One of our team’s agreed-upon core values is “relationships matter”; with our guests, our employees and our vendors. That basic idea was at the heart of Buck and Helen’s success, and we try our best to let that drive our decision-making day to day.

EBS: What are the biggest obstacles to operating a small business in Big Sky?

D.O.: Right now, the highest hurdle facing most, if not all, businesses in Big Sky is staffing; a challenge which is mostly driven by the dire scarcity of attainable workforce housing.

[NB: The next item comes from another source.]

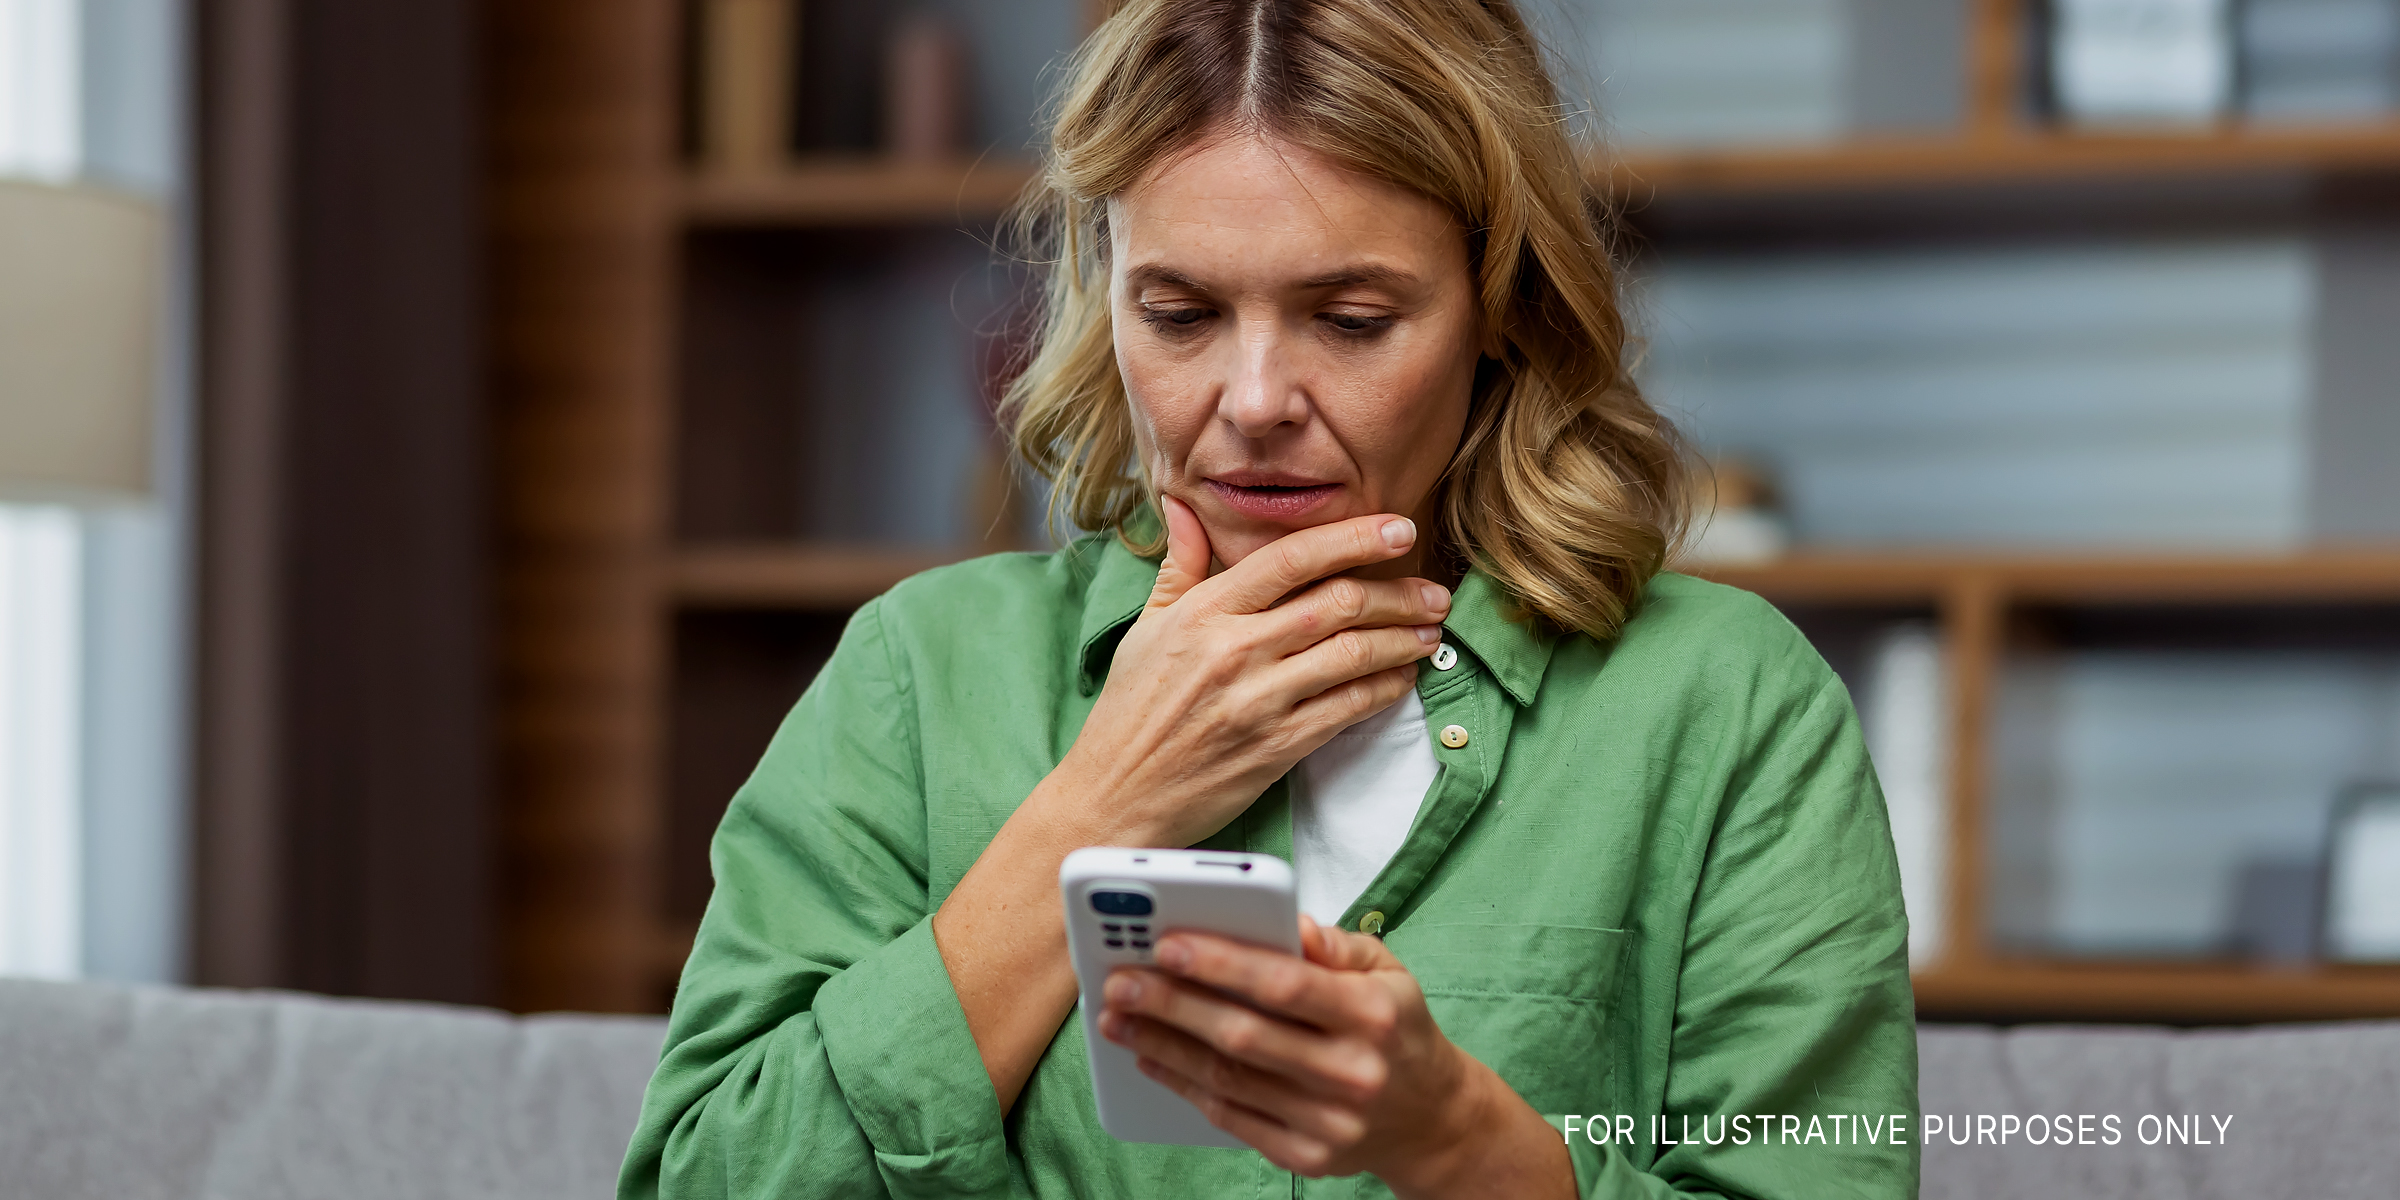 Femme regardant son téléphone, perplexe | Source : Shutterstock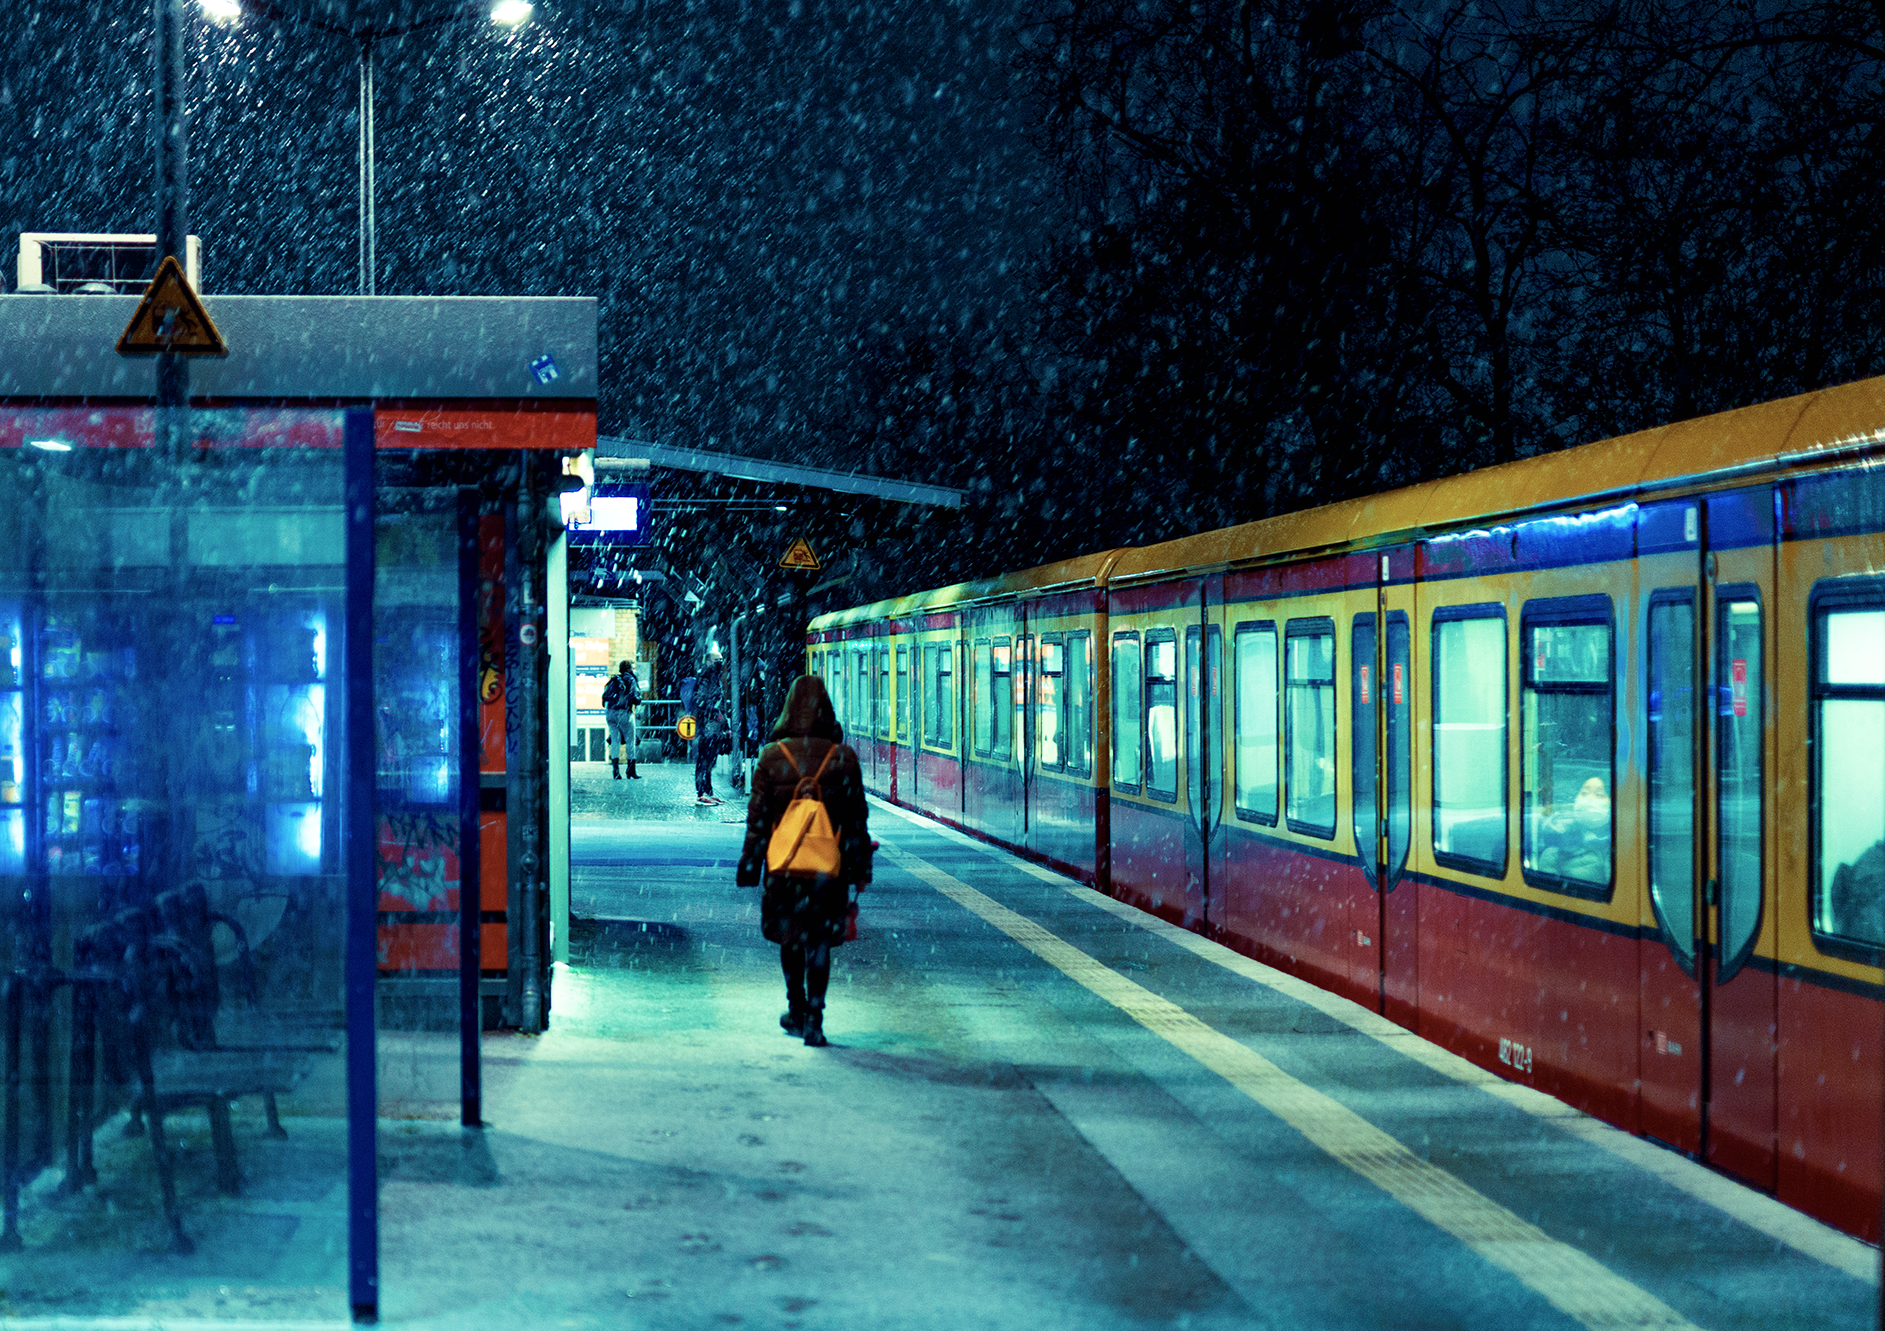 Snowy S Bahn train Station in Berlin, 2021

Chuck and I see many daily examples of how fortunate we are to have the people around us that we do, but it grows more and more challenging every season to find those people.

Seasonality also contributes to this challenge, as it often is a detractor for career-minded individuals who might consider joining our team. Not to mention the myriad financial obstacles that arise from being seasonal.

EBS: How has the business landscape changed since you started out?

D.O.: Buck’s has two complimentary businesses: the hotel and the restaurant, and each has evolved in different ways.

Big Sky, as a community, has been working hard to position itself in a closer relationship to Yellowstone National Park, and that effort is finally yielding a gradual reduction in the shoulder seasons for lodging. It was not very long ago that all of May, most of June and the majority of the fall were so slow that we closed outright. In the past few years we have seen an exponential increase in Yellowstone visitors making Big Sky part of their trip. The result is that the hotel is now (as of 2016) open 365 days a year, which was a huge step for us. Also, Big Sky’s growth overall has allowed us to diversify and even out our market segments, so we are less dependent on any one kind of traveler. In the long run, this is the best insurance against a bad snow year, fire year … becoming catastrophic.

Buck’s restaurant has always been very fortunate to have the support of the Big Sky community at large, and we are incredibly grateful for that every day. However, increasing competition is outpacing the growth of the community right now. We are very confident this will even out, and relatively shortly, but in the meantime the slices of the pie are smaller for all of us in the restaurant business here.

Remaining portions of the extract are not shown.